1. Review for Substance

After obtaining the medical records, you should have a nurse paralegal review them and prepare a medical chronology report. A nurse paralegal has experience-based knowledge that allows them to easily navigate through the records and prepare a more detailed analysis than someone with no medical background. This is highly effective when, often times, medical records can contain scores or hundreds of relevant data points in a lawsuit. Moreover, a nurse paralegal’s specialized experience helps to identify irregularities in the delivery of patient care. A thorough medical chronology report will help identify missing records, illegible records, records that are suspicious, identify potential care received by another treating physician, and more importantly, aid in identifying medical experts needed to support or defend against a claim.

2. Review for Confidentiality or Other Legal/Privacy Implications

Now that you understand the substance of the documents, it is time to ensure that certain documents are not produced. For example, peer review documents and medical records from a different provider other than your client should be pulled. You should also consider whether there is a need for a protective order to be in place prior to disclosure.

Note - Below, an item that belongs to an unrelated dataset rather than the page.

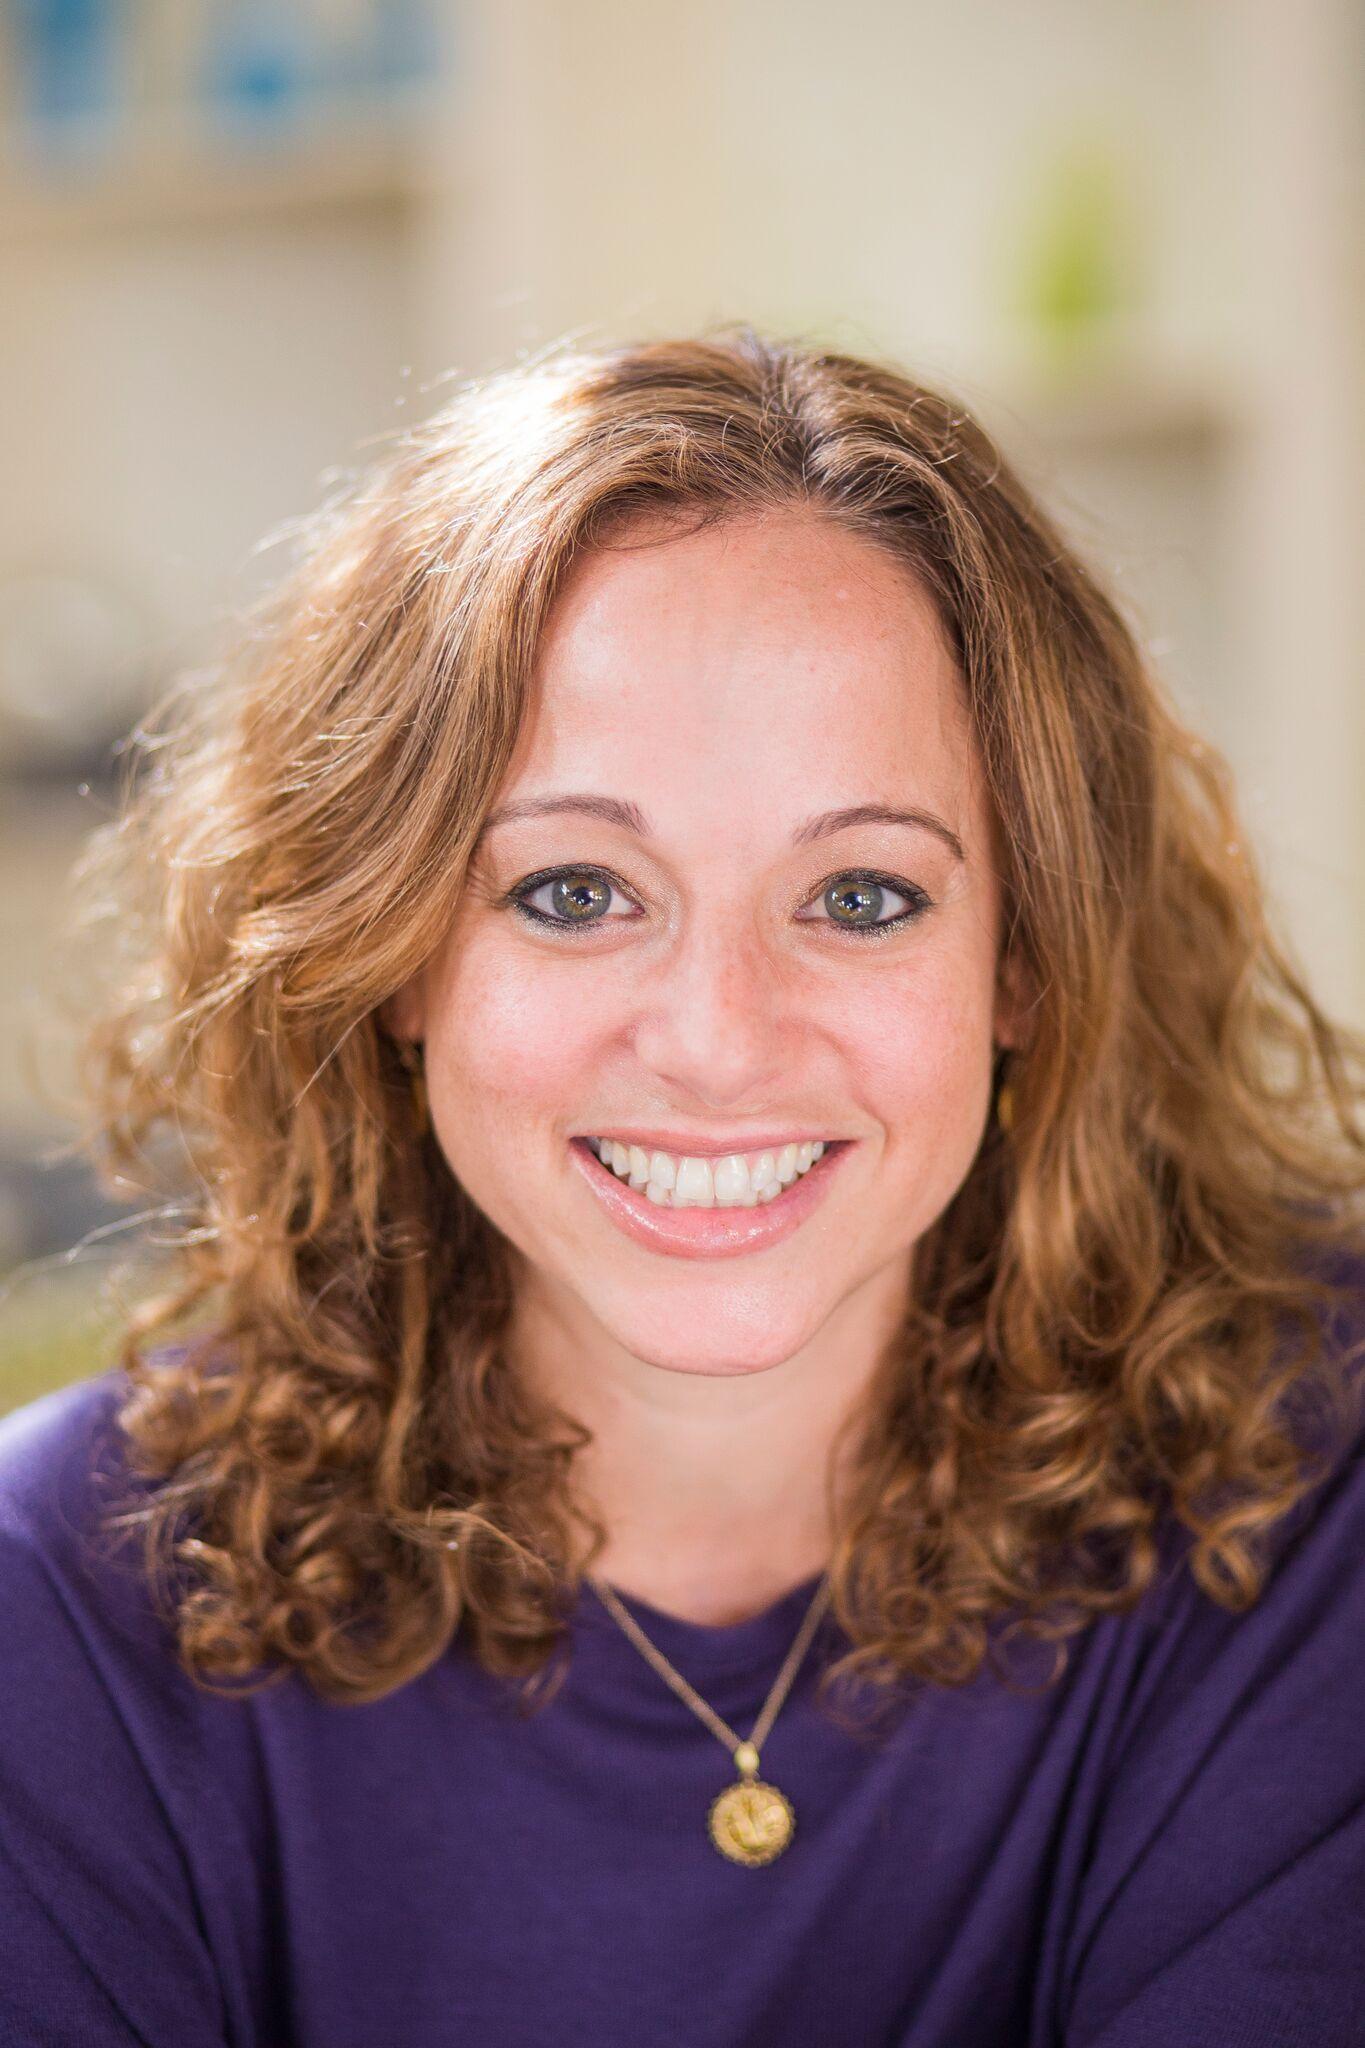 Linda Novick O'Keefe Headshot - Dennis Burnett Photography - Lauren Salkeld

Moreover, in many jurisdictions, medical records containing information regarding fetal heart monitoring, HIV testing, STD screening, and photographs or video may require a specific and distinct type of request per federal or state regulations. That said, be sure to review and analyze the medical records request and that the disclosure of said records is HIPAA compliant.

3. Always Bates Stamp

An often-overlooked step when producing medical records is Bates stamping them prior to disclosure. Bates stamping the medical records yields a valuable benefit to your team. Organizing the medical records in this way enables everyone to pinpoint litigation-critical information in the records more quickly. This is especially helpful when utilizing these documents during a deposition or trial. Remember to routinely update the production log with Bates ranges so that every member of the litigation team is aware of what has been produced and to whom it has been sent.

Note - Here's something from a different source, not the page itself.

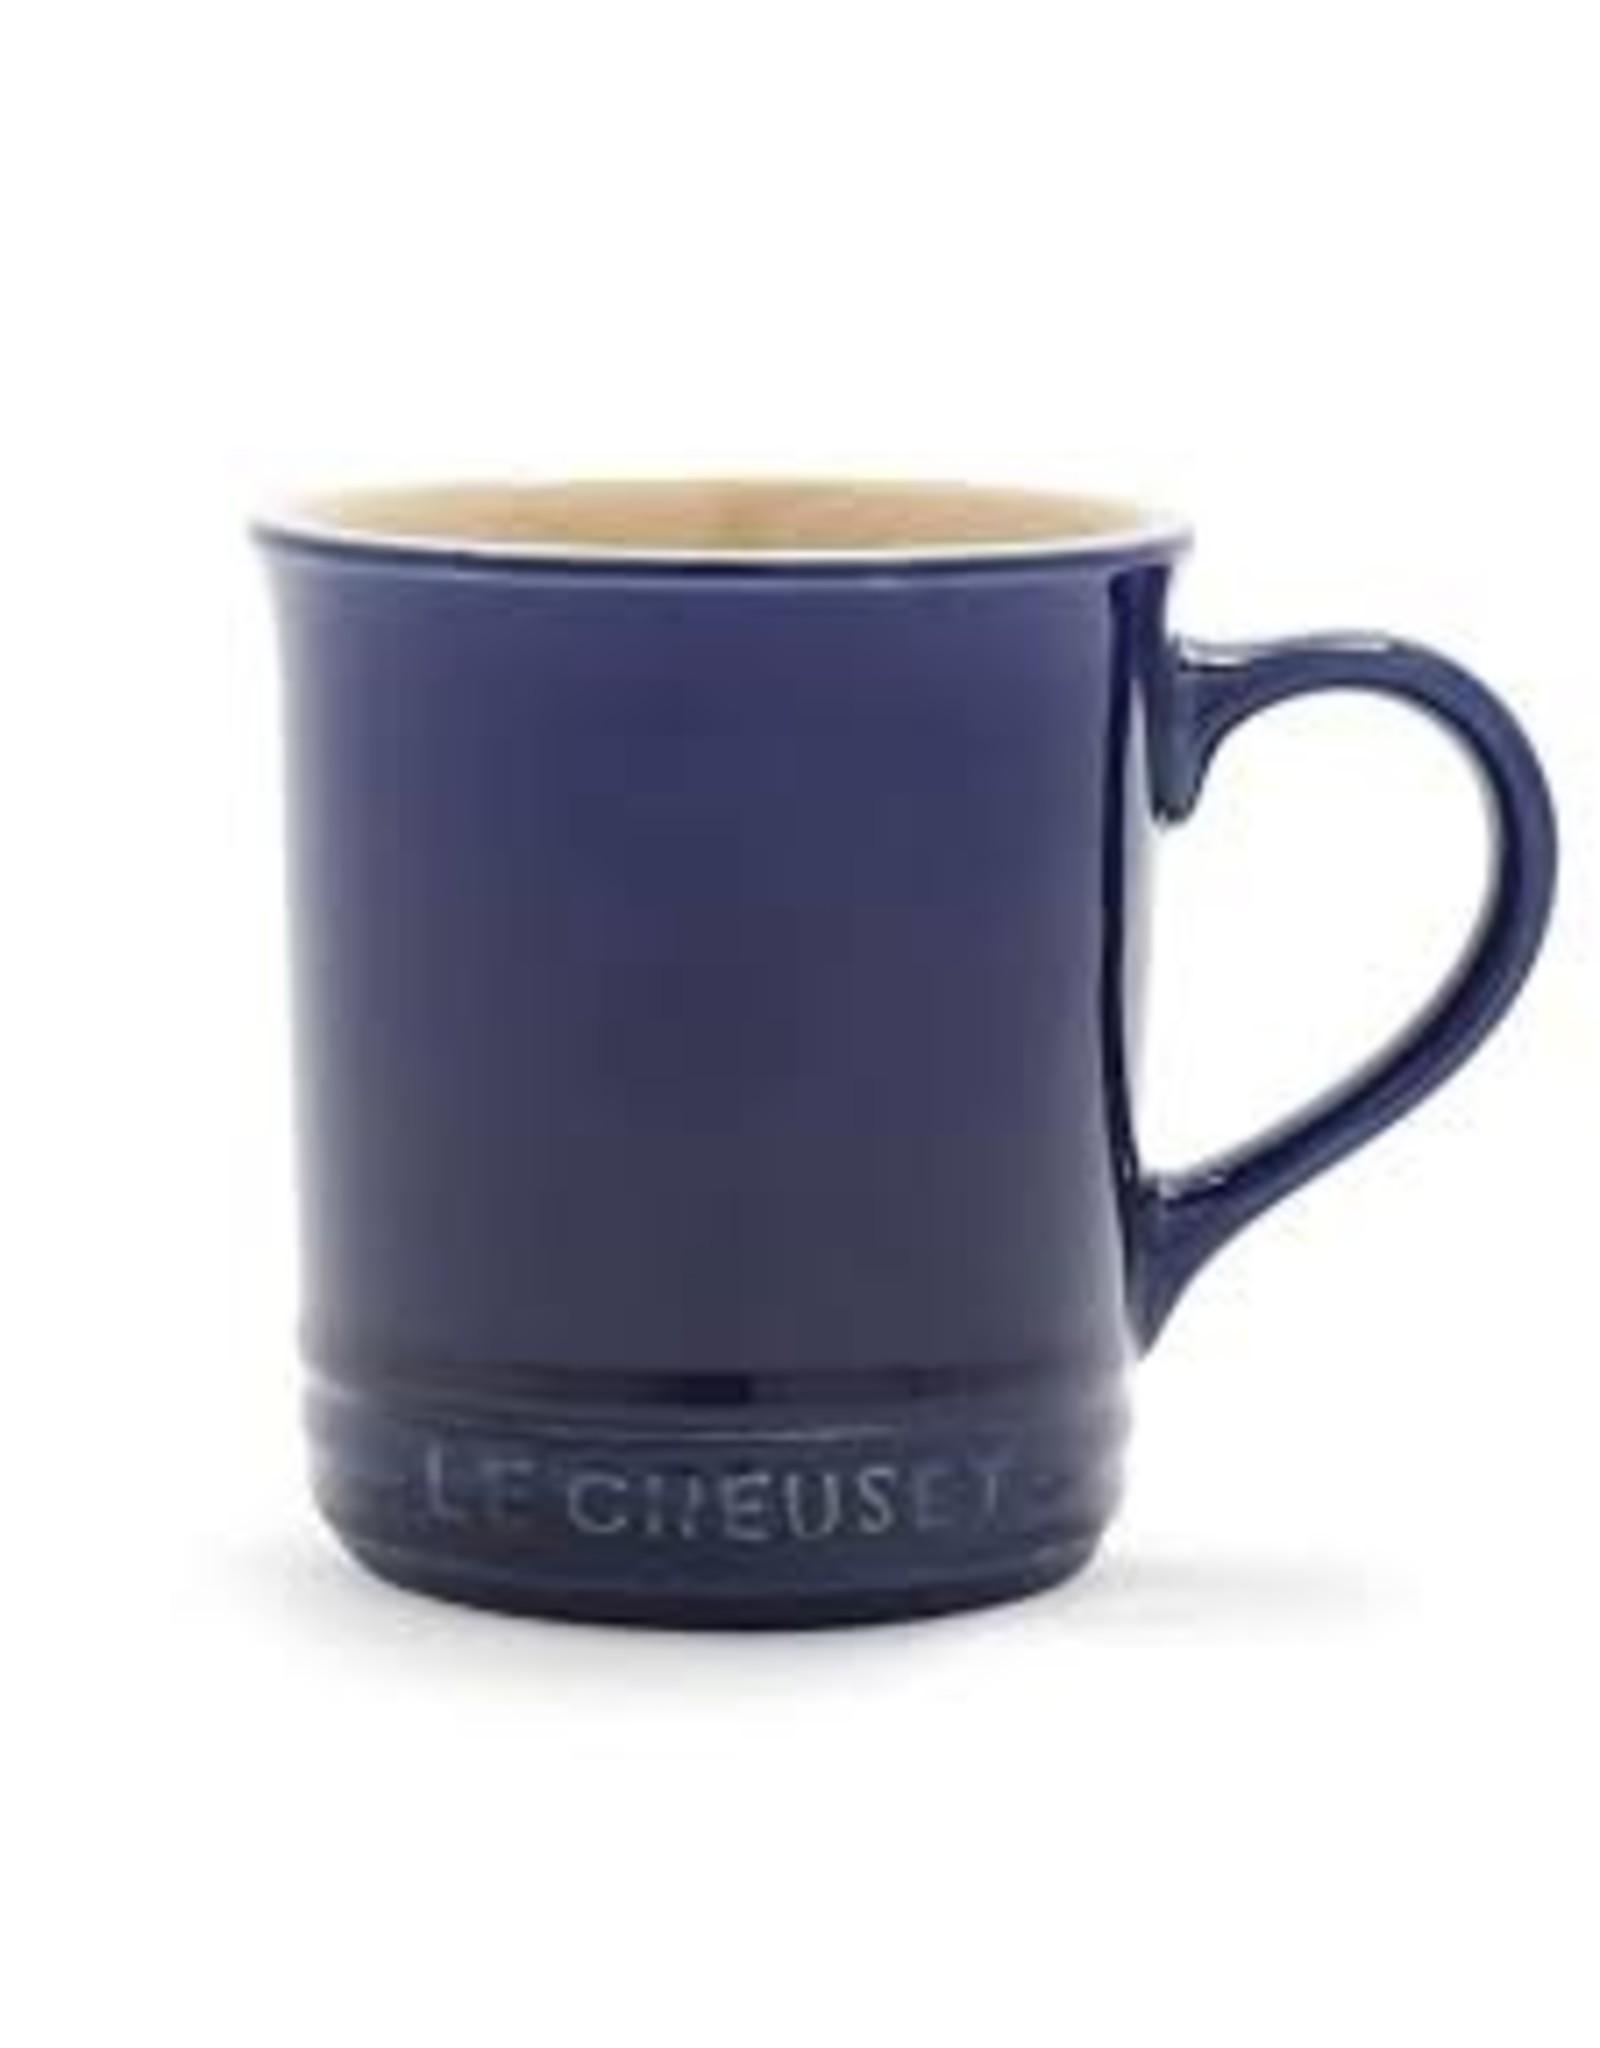 Le Creuset LE CREUSET-Mug indigo

4. Physical Production v. Electronic Production

Technology is rapidly changing the way we think about producing electronically stored medical records during discovery. In Branhaven, LLC v. BeefTek, Inc., 288 F.R.D. 386 (D. Md. 2013), the court applied a paper model of discovery method to electronically stored information (ESI). Specifically, it required the conversion of plaintiff’s emails (i.e., ESI) into tagged image file format (TIFF) with Bates-numbers. Because the plaintiff produced the emails in PDF format without Bates-numbers instead, the court granted financial sanctions against the plaintiff and plaintiff’s counsel.

But this cautionary tale can be easily avoided. You may not need to convert e-discovery into PDF or TIFF format at all. This is because ESI contains a digital fingerprint, i.e., a hash value. This is a unique encryption code that is distinct to every file stored on an electronic device. A hash value contains thirty-two characters that may appear like 73051115256g1fa24e4bc42211f54eb4. Rather than determining how to convert ESI into a static image, the hash code is a seamless method for identifying one and only one document for a given device. Consider this: the producing parties can jointly develop a spreadsheet alongside the ESI each party produces that contains links to each file with its unique hash value. This will eliminate any doubt as to what was produced, when it was produced, and importantly, save you and the client time and money.

5. Send Password Protected

Now that the medical records are prepared for production, it is time to send them to the requesting party. One important security measure is password encrypting the medical records. This makes it much more difficult for the unauthorized access of the records. More importantly, be sure to send the password in a separate email. This added layer of security ensures that the records cannot be accessed in the event they are lost or stolen in transit.

Overall, the review and disclosure of medical records in a lawsuit is a vital step in any matter and requires attention to detail.